EXERCISE OBJECTIVE> Copy each line of the listing below exactly and drop the images.
##### DATA EXTRACT
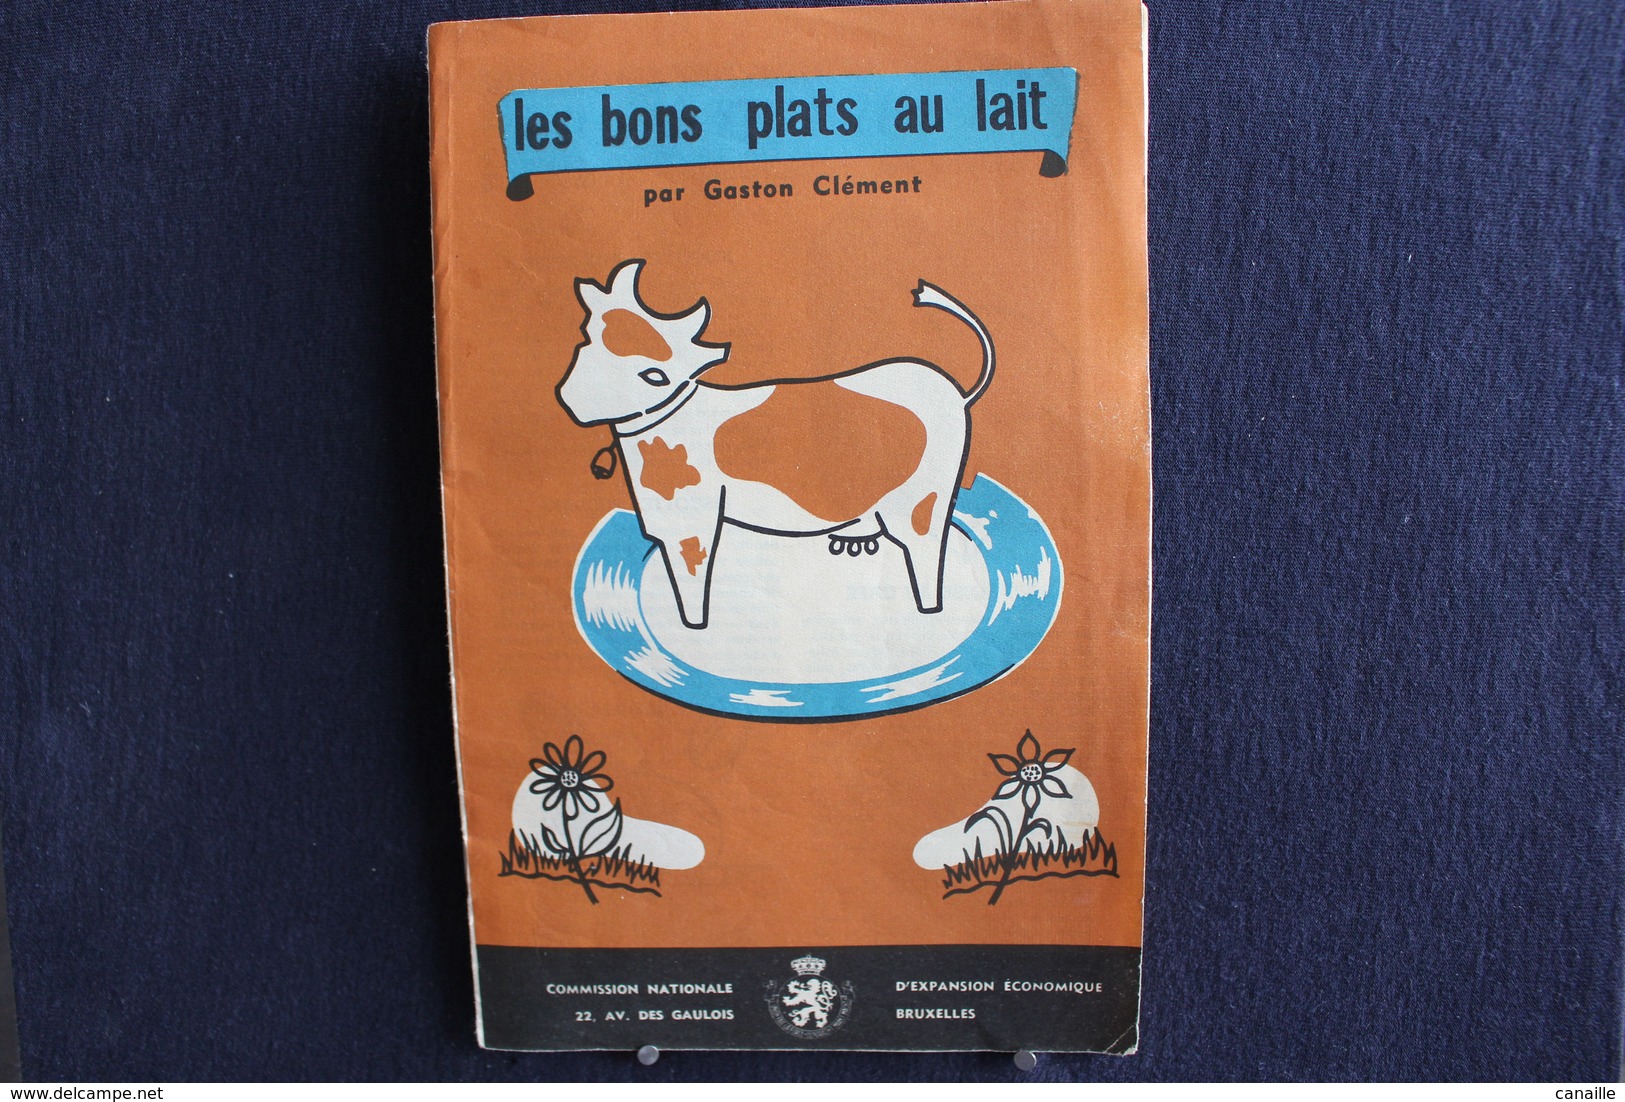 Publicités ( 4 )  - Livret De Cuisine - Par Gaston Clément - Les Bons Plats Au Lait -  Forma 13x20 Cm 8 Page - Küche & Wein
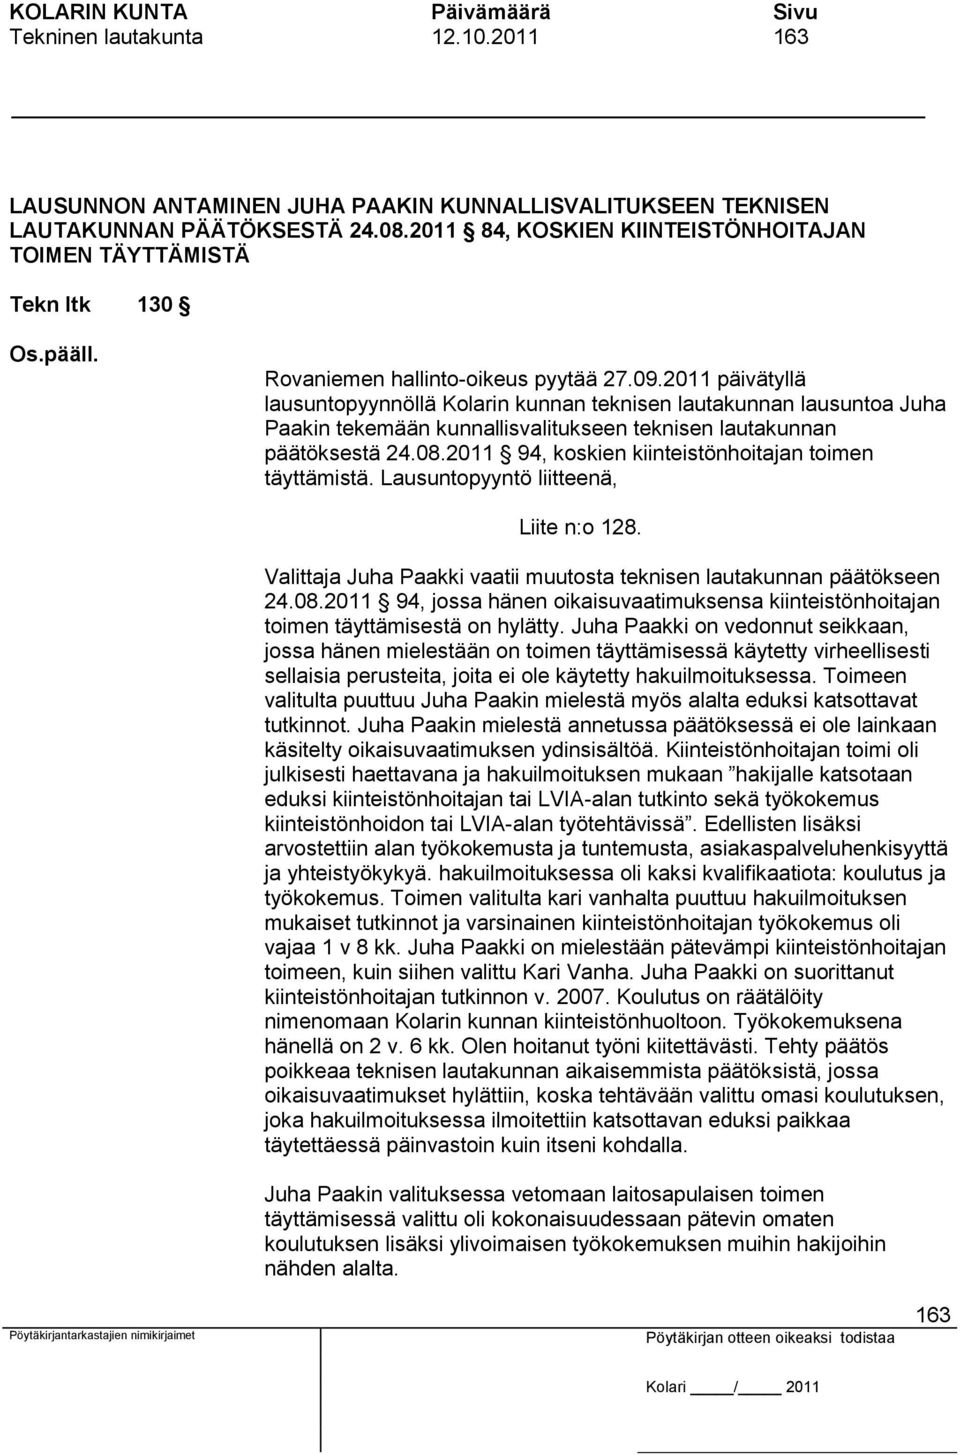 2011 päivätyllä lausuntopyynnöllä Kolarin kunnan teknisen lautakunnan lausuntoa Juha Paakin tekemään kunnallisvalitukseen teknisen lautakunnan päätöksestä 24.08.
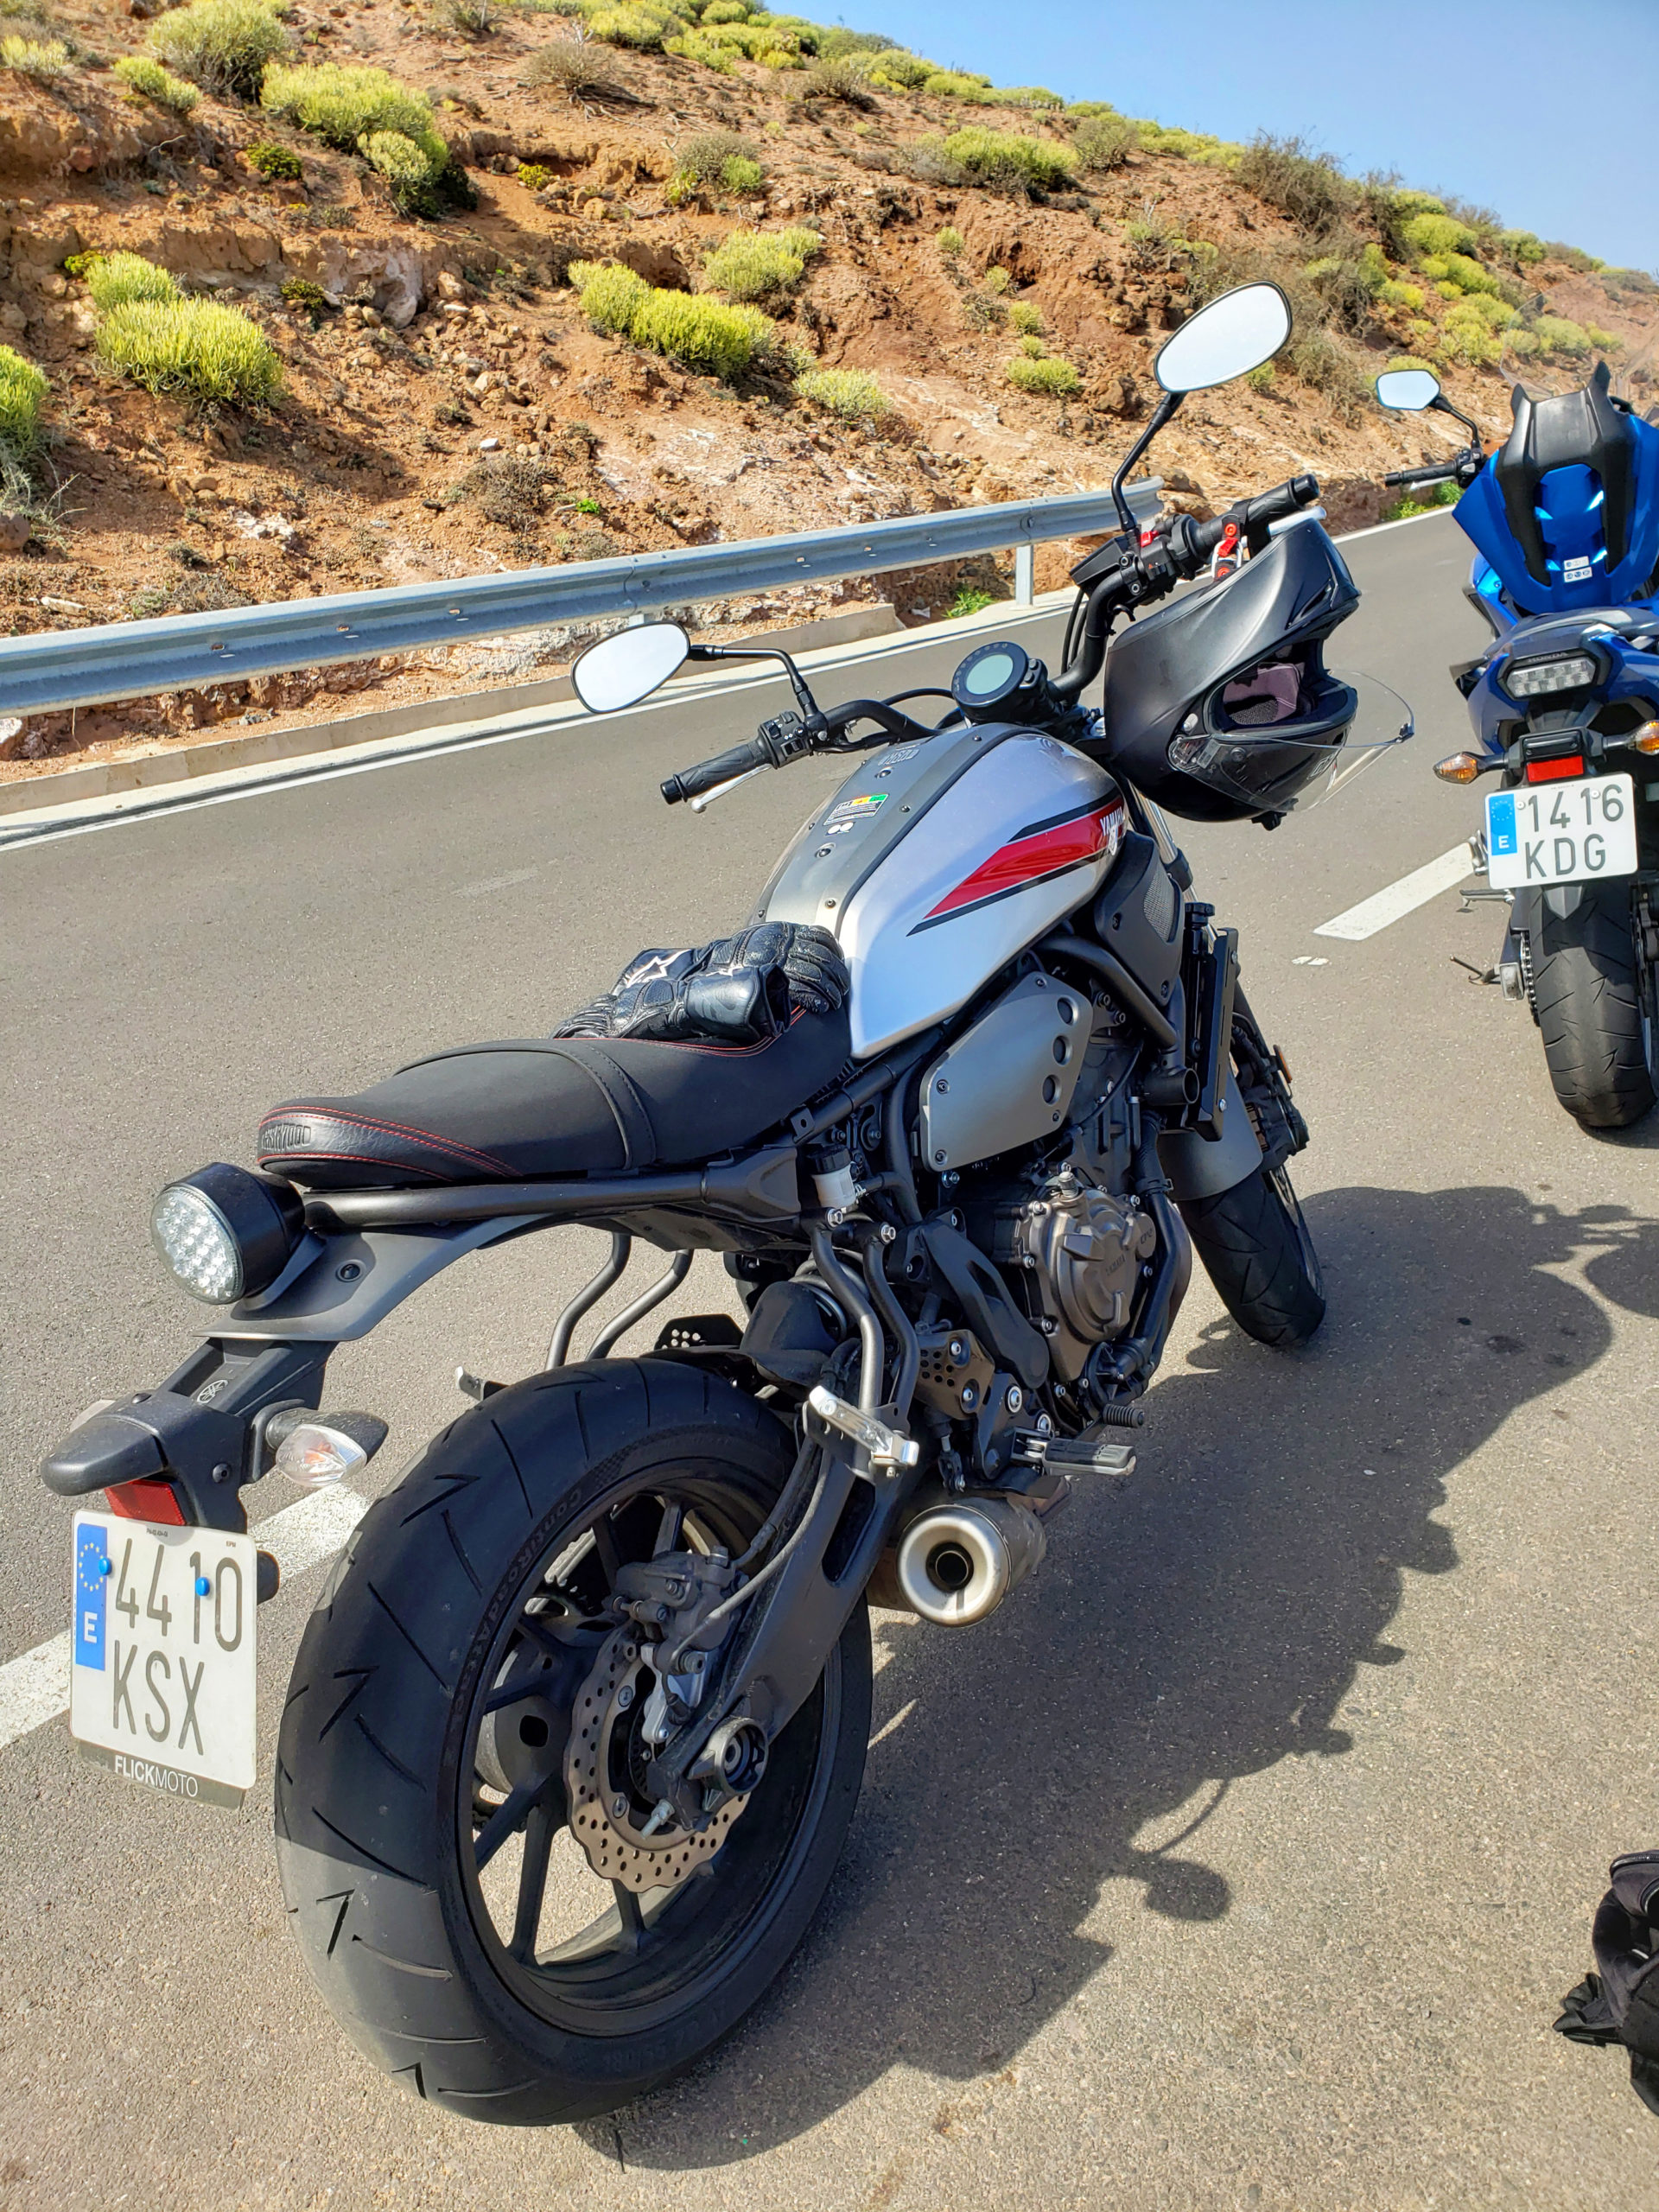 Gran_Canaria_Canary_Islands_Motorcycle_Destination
##########
ANSWER TO THE PROBLEM>
 Publicités ( 4 )  - Livret De Cuisine - Par Gaston Clément - Les Bons Plats Au Lait -  Forma 13x20 Cm 8 Page - Küche & Wein
 2011 päivätyllä lausuntopyynnöllä Kolarin kunnan teknisen lautakunnan lausuntoa Juha Paakin tekemään kunnallisvalitukseen teknisen lautakunnan päätöksestä 24.08.
 Gran_Canaria_Canary_Islands_Motorcycle_Destination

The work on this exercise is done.